What needs to be done:
In the entries below, copy only the lines from the one that contains "Openwork backplate with" through the last line, exactly, and omit any pictures.
┌────────
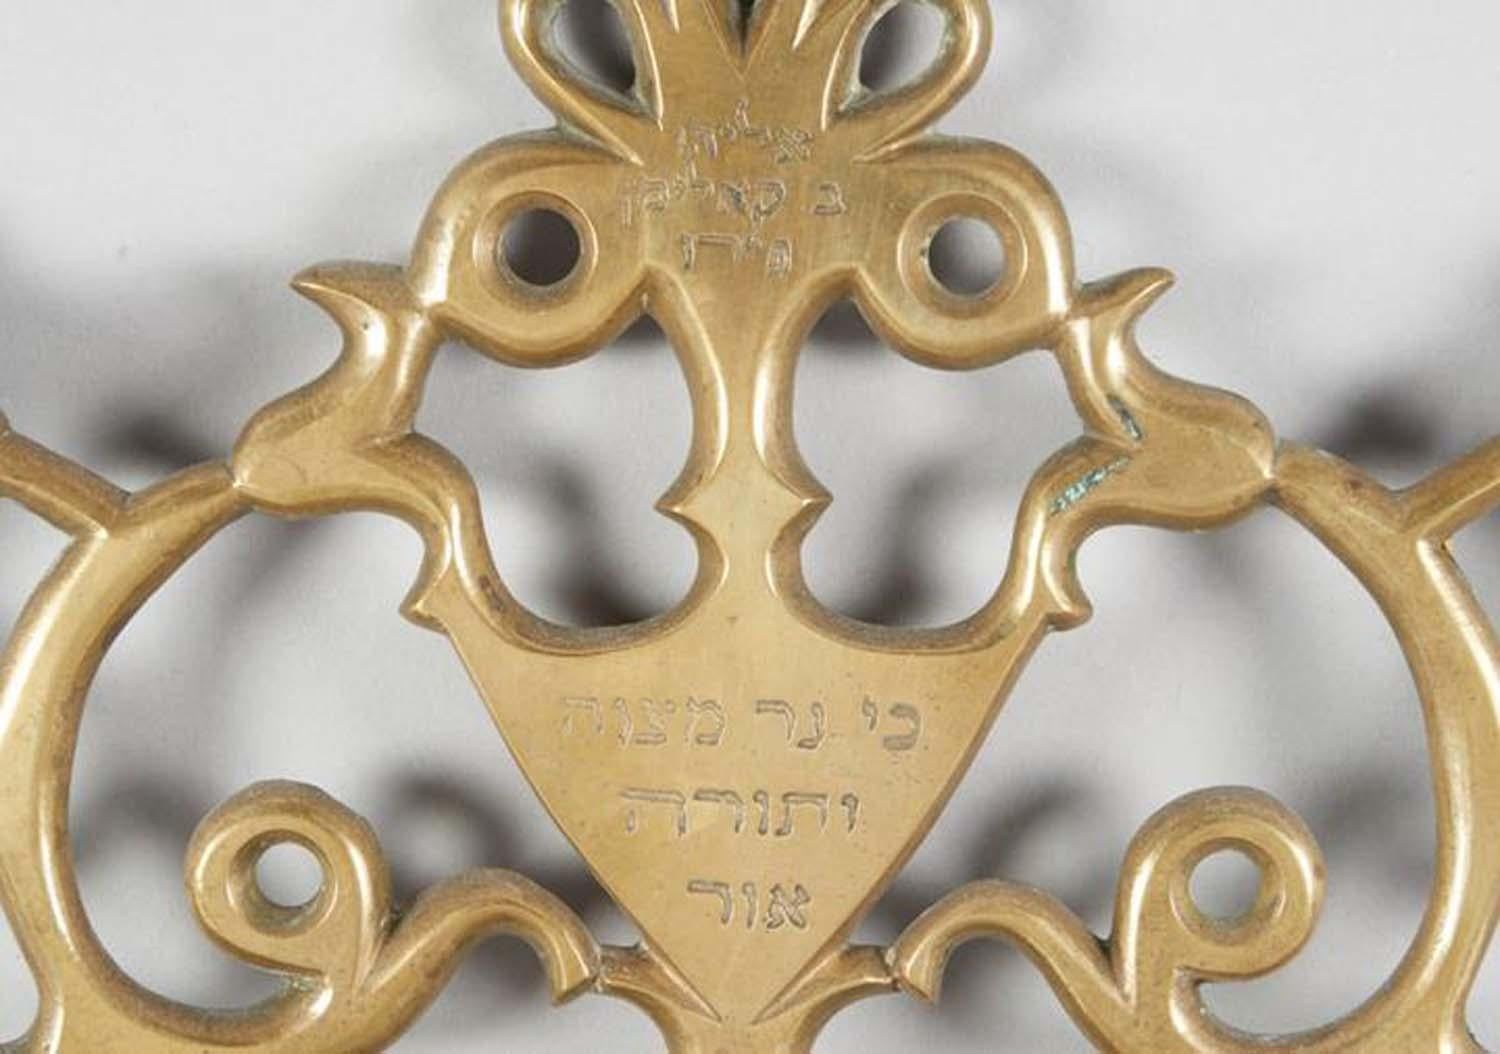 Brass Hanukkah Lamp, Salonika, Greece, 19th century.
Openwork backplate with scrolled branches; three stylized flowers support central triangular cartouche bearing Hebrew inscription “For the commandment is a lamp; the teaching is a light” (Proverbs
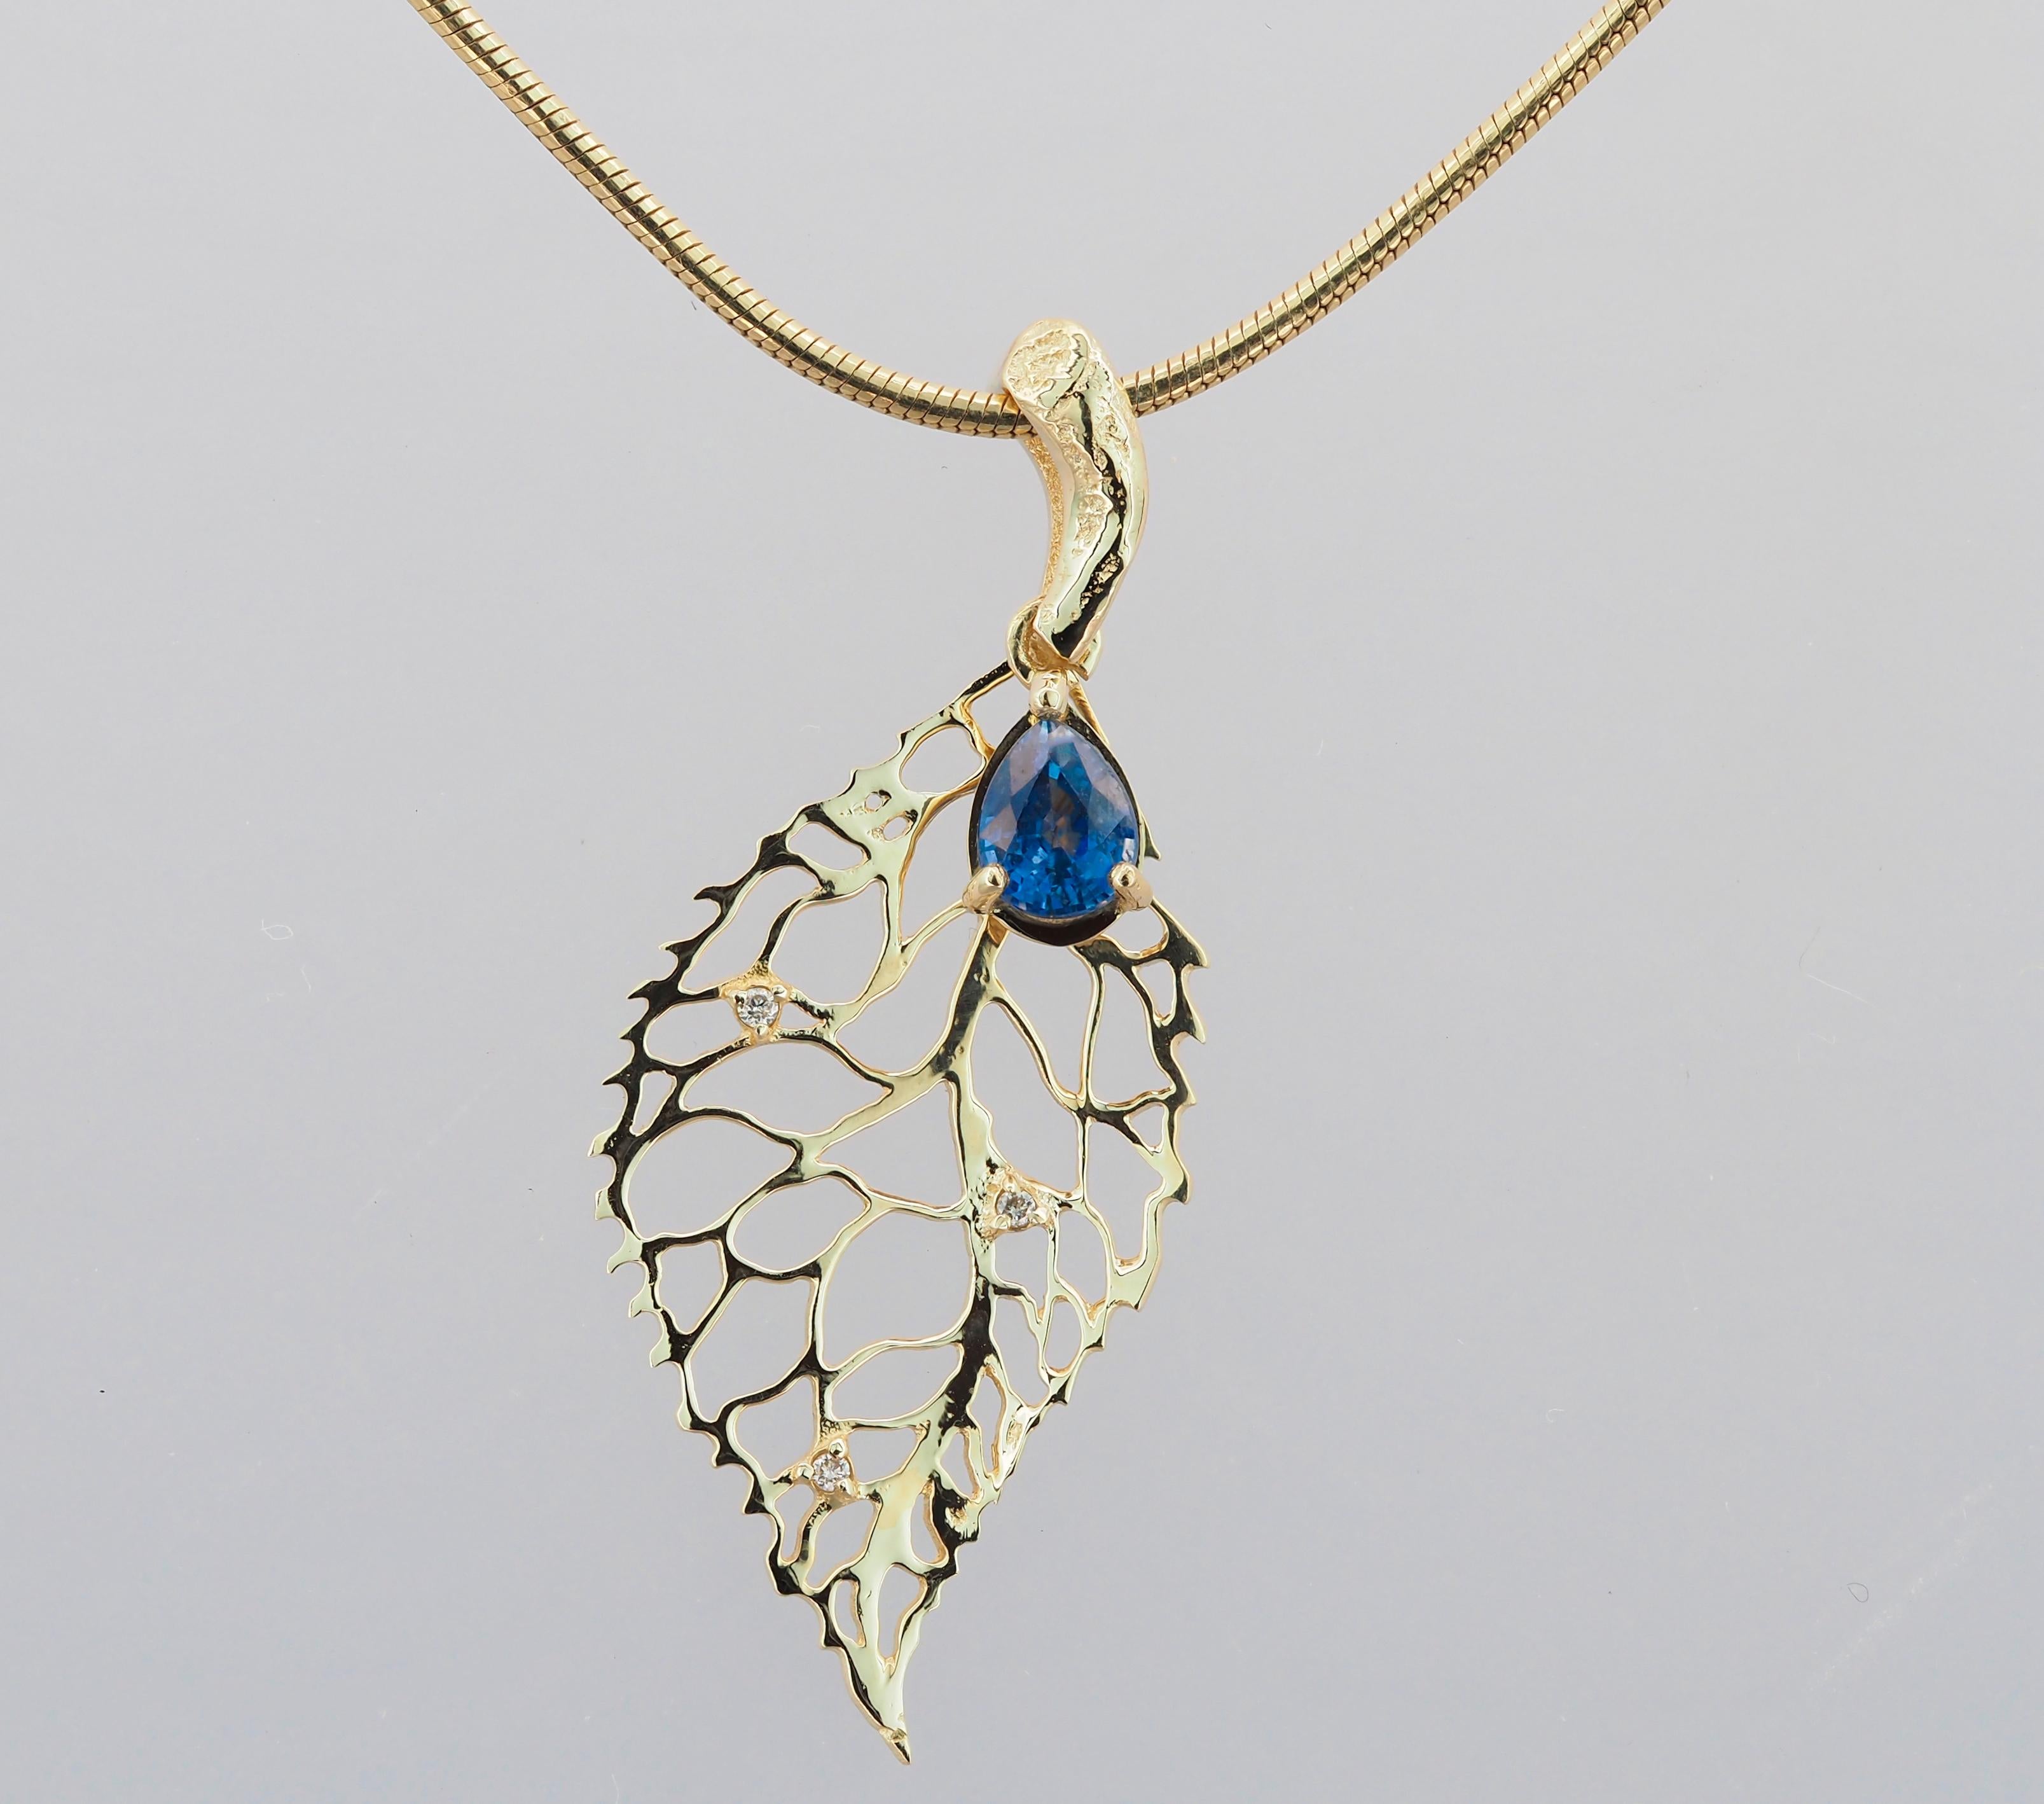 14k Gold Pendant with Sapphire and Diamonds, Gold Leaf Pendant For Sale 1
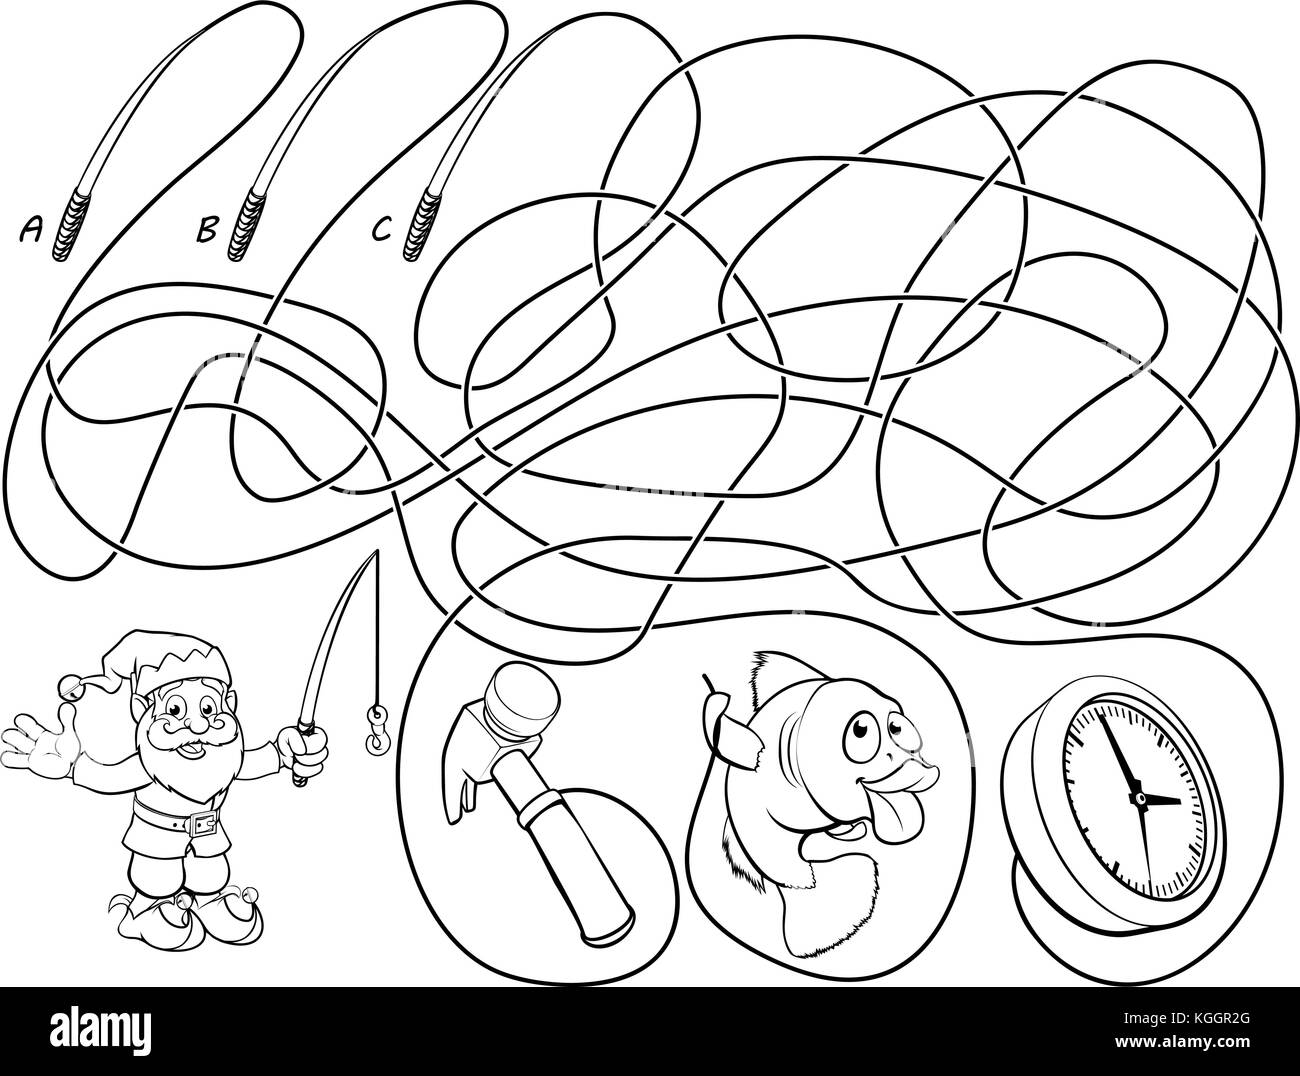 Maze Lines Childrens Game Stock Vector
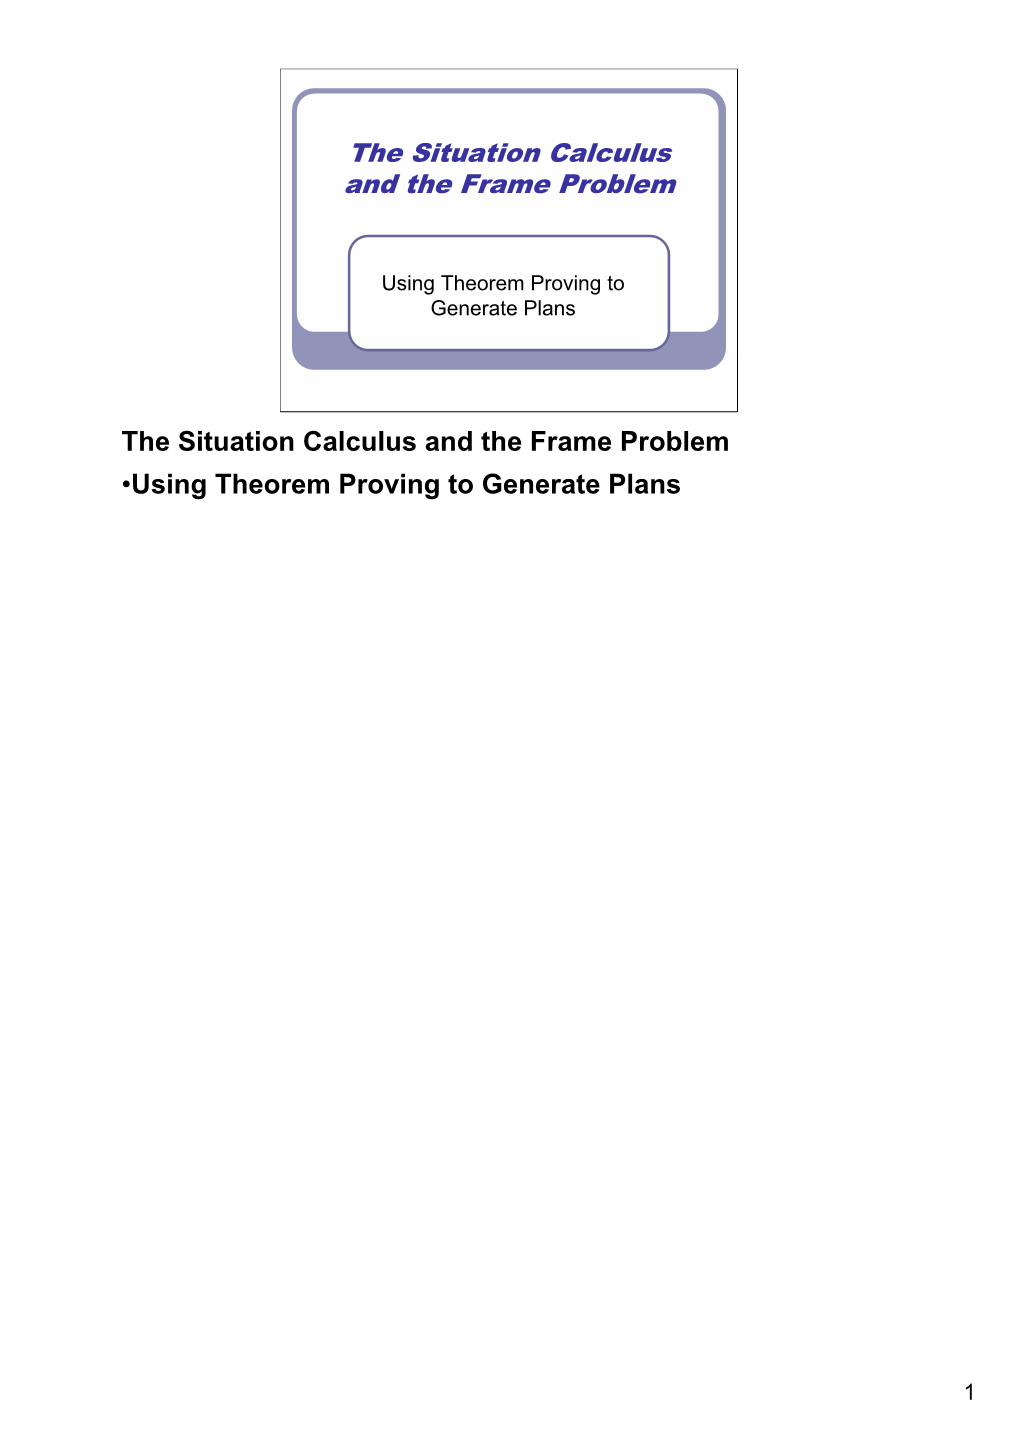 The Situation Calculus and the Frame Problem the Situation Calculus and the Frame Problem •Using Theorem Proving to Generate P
└────────
Solution for this problem:
Openwork backplate with scrolled branches; three stylized flowers support central triangular cartouche bearing Hebrew inscription “For the commandment is a lamp; the teaching is a light” (Proverbs
 14k Gold Pendant with Sapphire and Diamonds, Gold Leaf Pendant For Sale 1
 Maze Lines Childrens Game Stock Vector
 The Situation Calculus and the Frame Problem the Situation Calculus and the Frame Problem •Using Theorem Proving to Generate P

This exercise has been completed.